--- Stored data ---

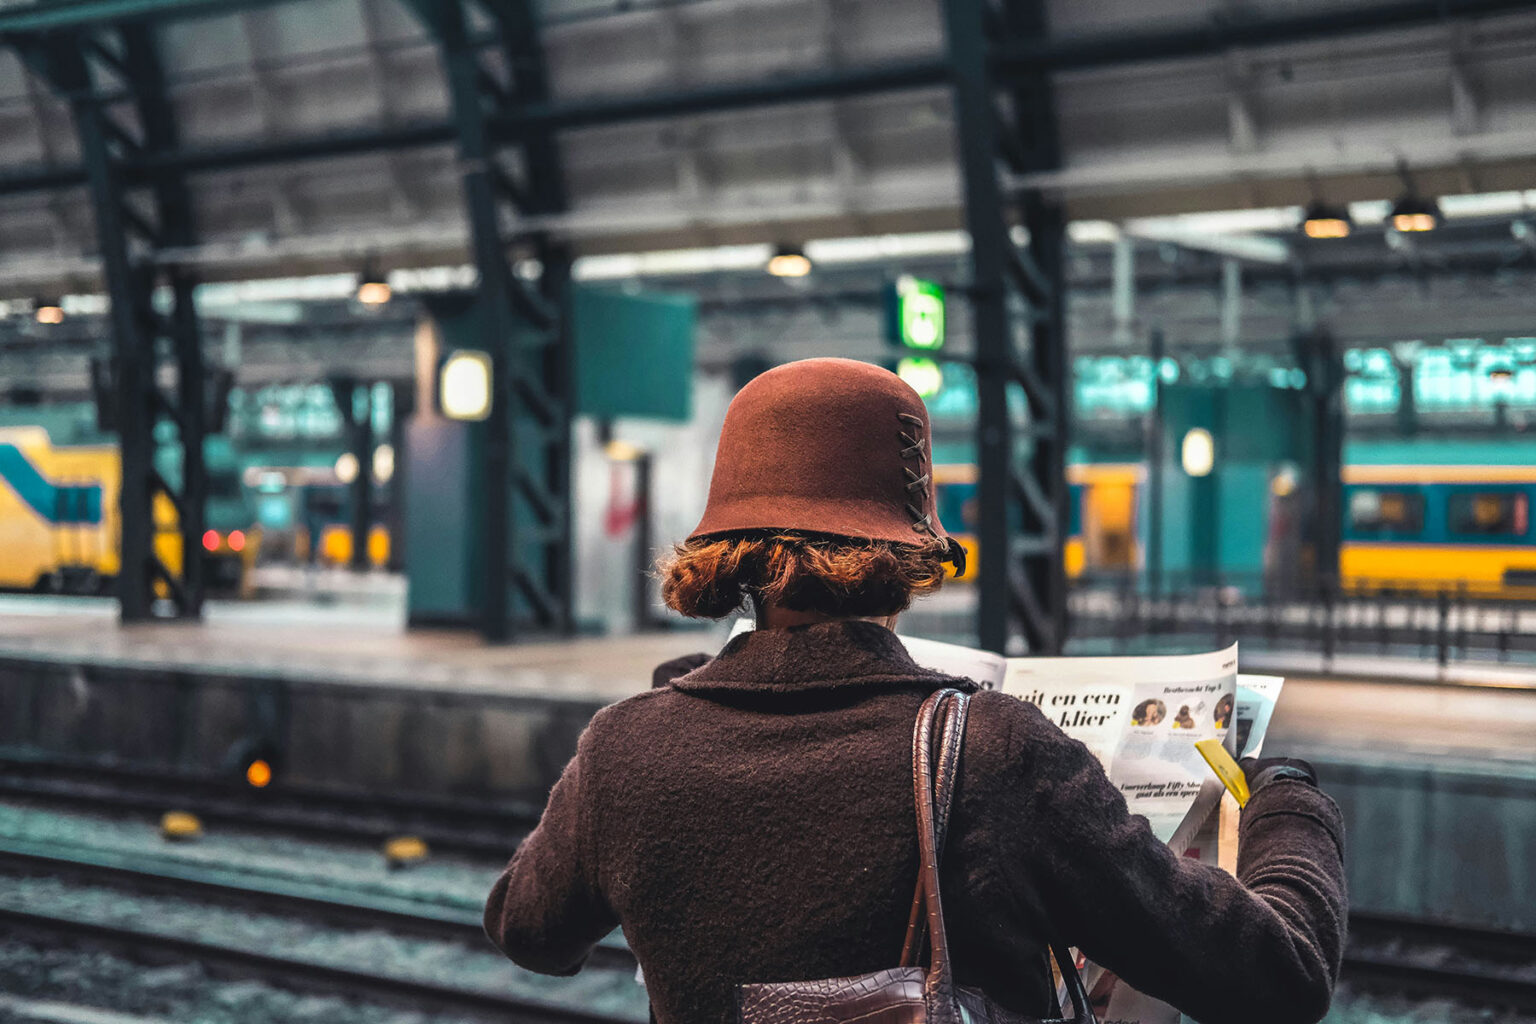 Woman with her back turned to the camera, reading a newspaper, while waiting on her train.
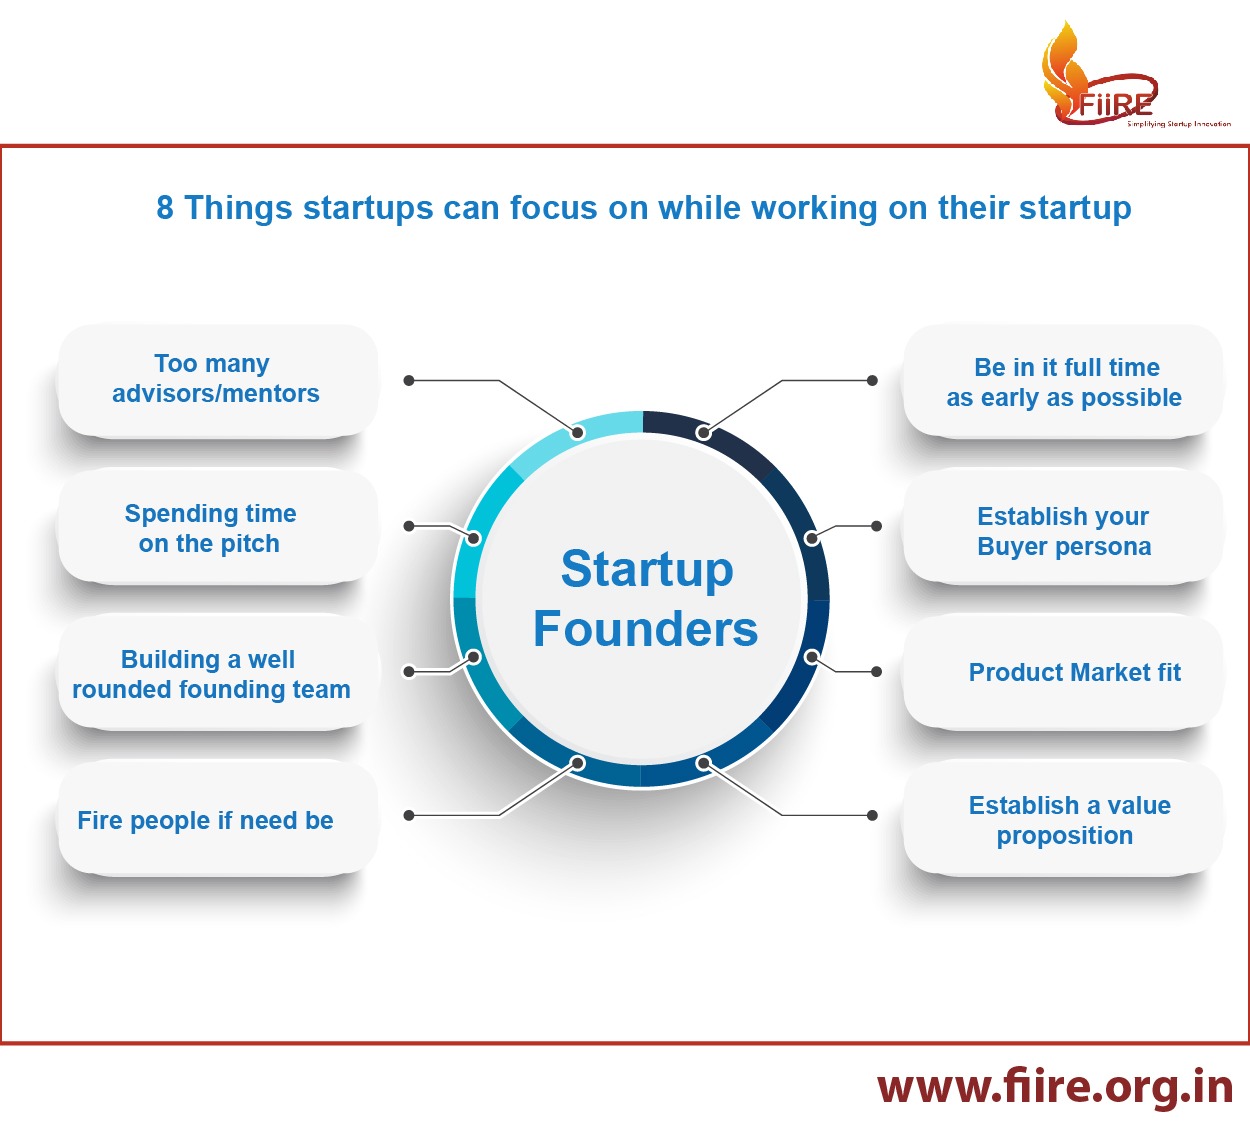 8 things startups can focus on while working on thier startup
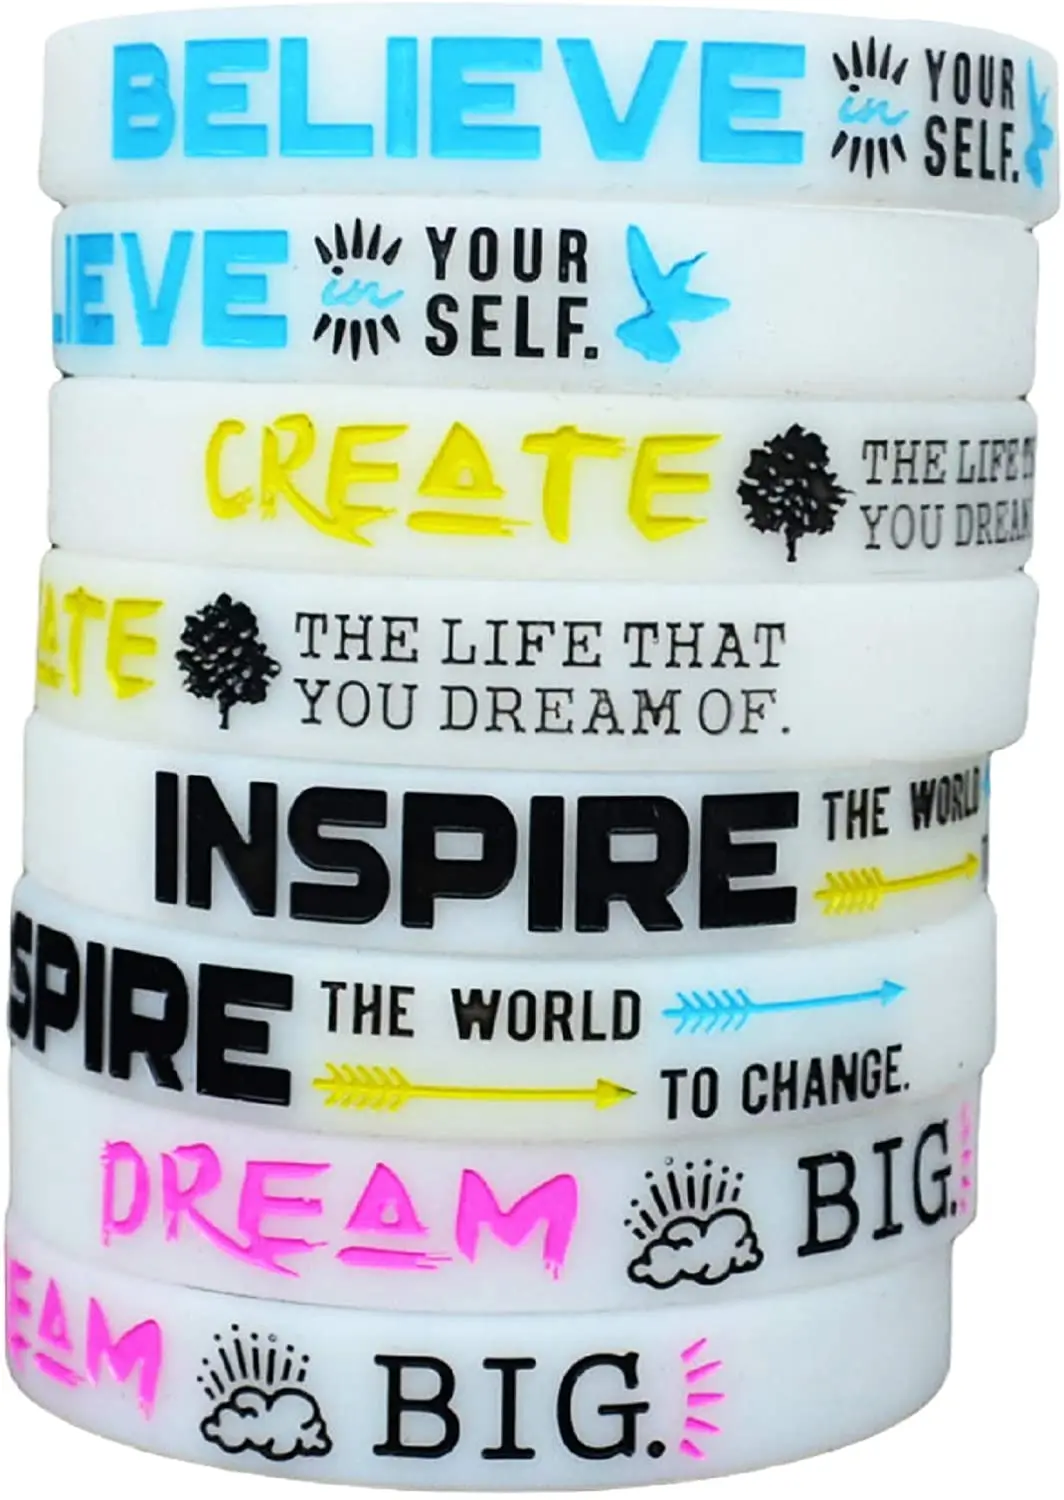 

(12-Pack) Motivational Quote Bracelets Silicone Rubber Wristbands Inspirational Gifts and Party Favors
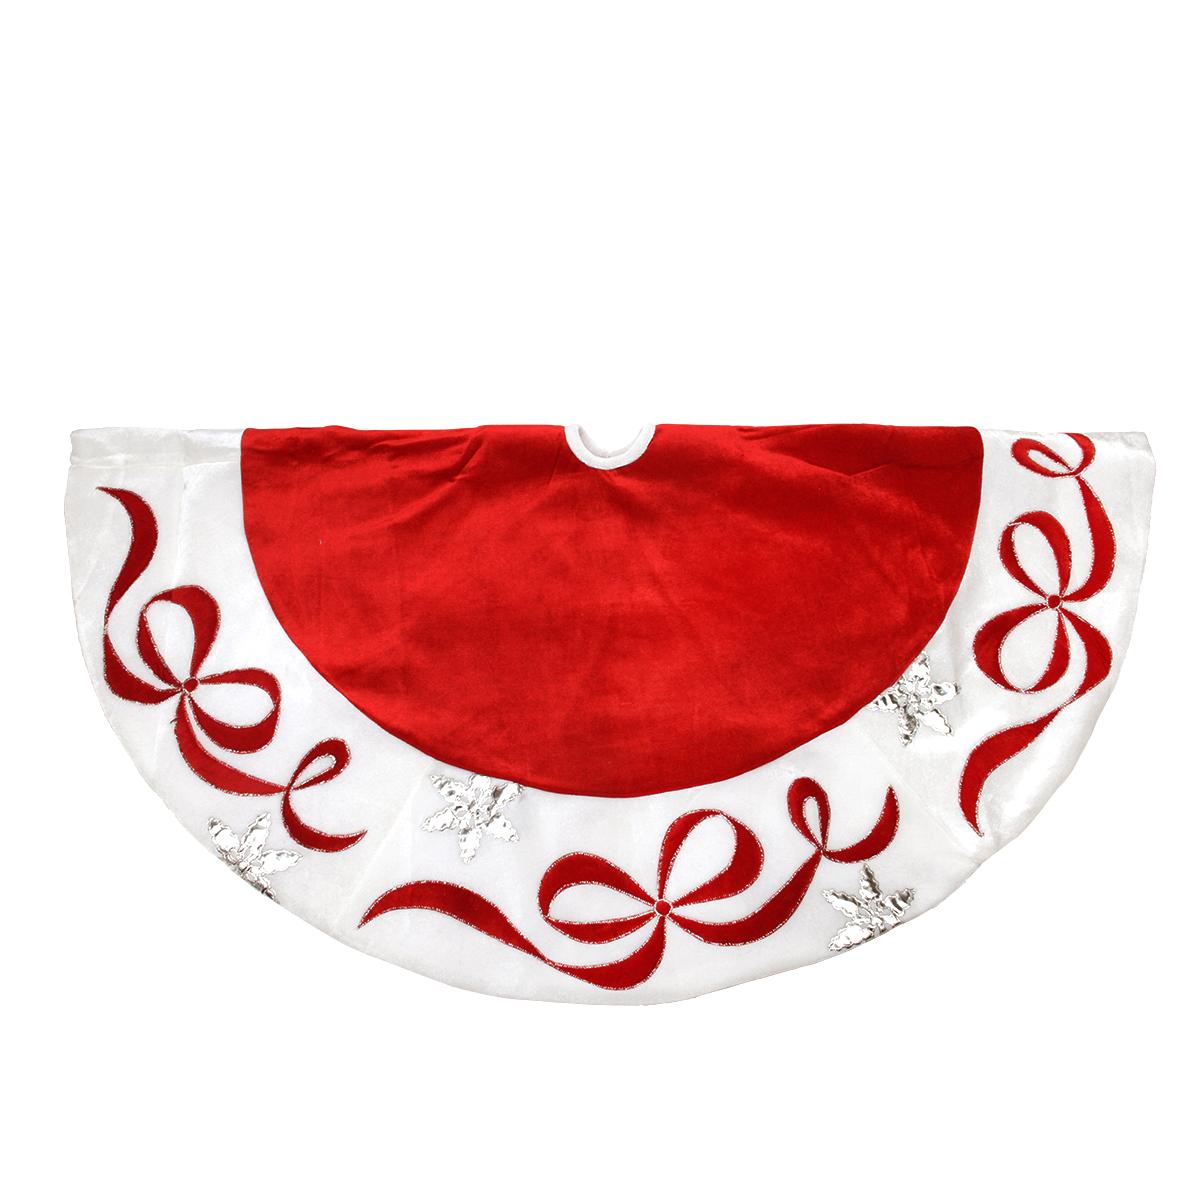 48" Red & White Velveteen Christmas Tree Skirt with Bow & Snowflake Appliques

---

- [What the exercise asks]:
Leaving every picture out, output the data exactly as it stands.

- [Answer space]:
 Woman with her back turned to the camera, reading a newspaper, while waiting on her train.
 8 things startups can focus on while working on thier startup

(12-Pack) Motivational Quote Bracelets Silicone Rubber Wristbands Inspirational Gifts and Party Favors
 48" Red & White Velveteen Christmas Tree Skirt with Bow & Snowflake Appliques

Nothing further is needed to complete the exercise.